La famiglia H.R. non è solamente una “beneficiaria”. Essa ha un passato doloroso, un presente troppo difficile e un avvenire incerto. La mamma Lina e i suoi nove figli, sfollati e sistemati in una carcassa di palazzo, dentro una camera senza muri e senza sanitari, sono delle persone umane. Il marito è scomparso da mesi.
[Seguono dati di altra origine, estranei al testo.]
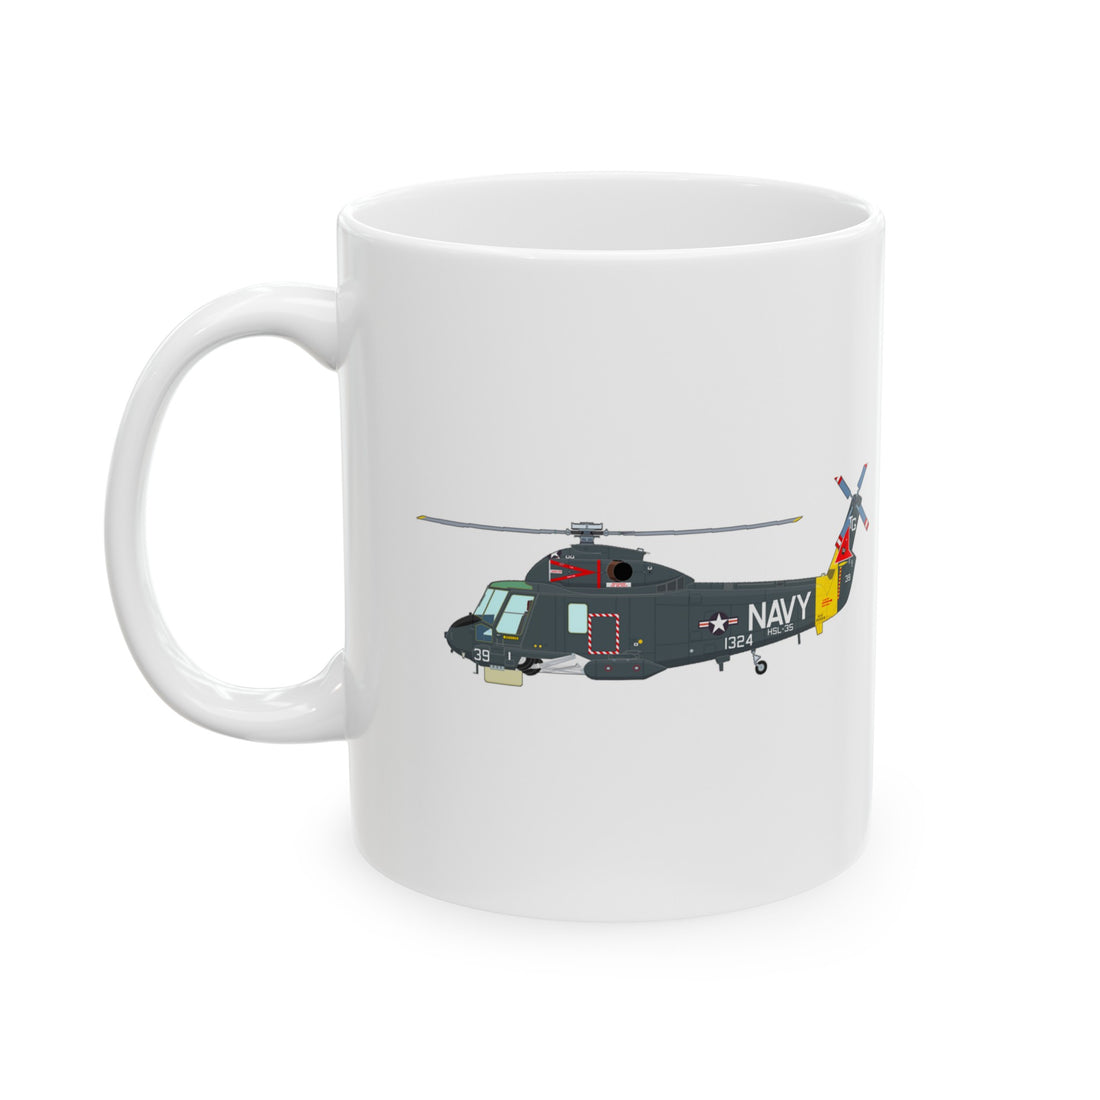 HSL-35 "Magicians" Squadron Logo and SH-2 Profile Coffee Mug, Navy Helicopter ASW Squadron flying the SH-2 Seasprite

Per sopravvivere, i figli più grandi raccolgono la plastica e il cartone per venderli per il riciclaggio e i più piccoli raccolgono il pane dai bidoni della spazzatura per seccarlo e venderlo come alimento per il bestiame.

M.K., vedova, madre di cinque figli, due volte sfollata, il marito ucciso da un cecchino all'inizio della guerra, una delle sue due figlie morta un anno fa a seguito dell'esplosione di una granata, un figlio studente in medicina che cerca faticosamente di studiare nella cantina in cui abitano. M. o sua figlia vengono a piedi tutti i giorni a casa nostra (due ore per andata e ritorno ) per prendere un pasto caldo per la famiglia. Forse che M. è solo un numero sulla lista dei beneficiari del pasto di mezzogiorno? Non ha forse bisogno che la si guardi con amore, che la si ascolti con rispetto e che la si accompagni con discrezione?

Questi sono alcuni esempi, tra molti altri, dei drammi vissuti dalle famiglie sfollate e/o senza risorse che sono supportate dai Maristi blu.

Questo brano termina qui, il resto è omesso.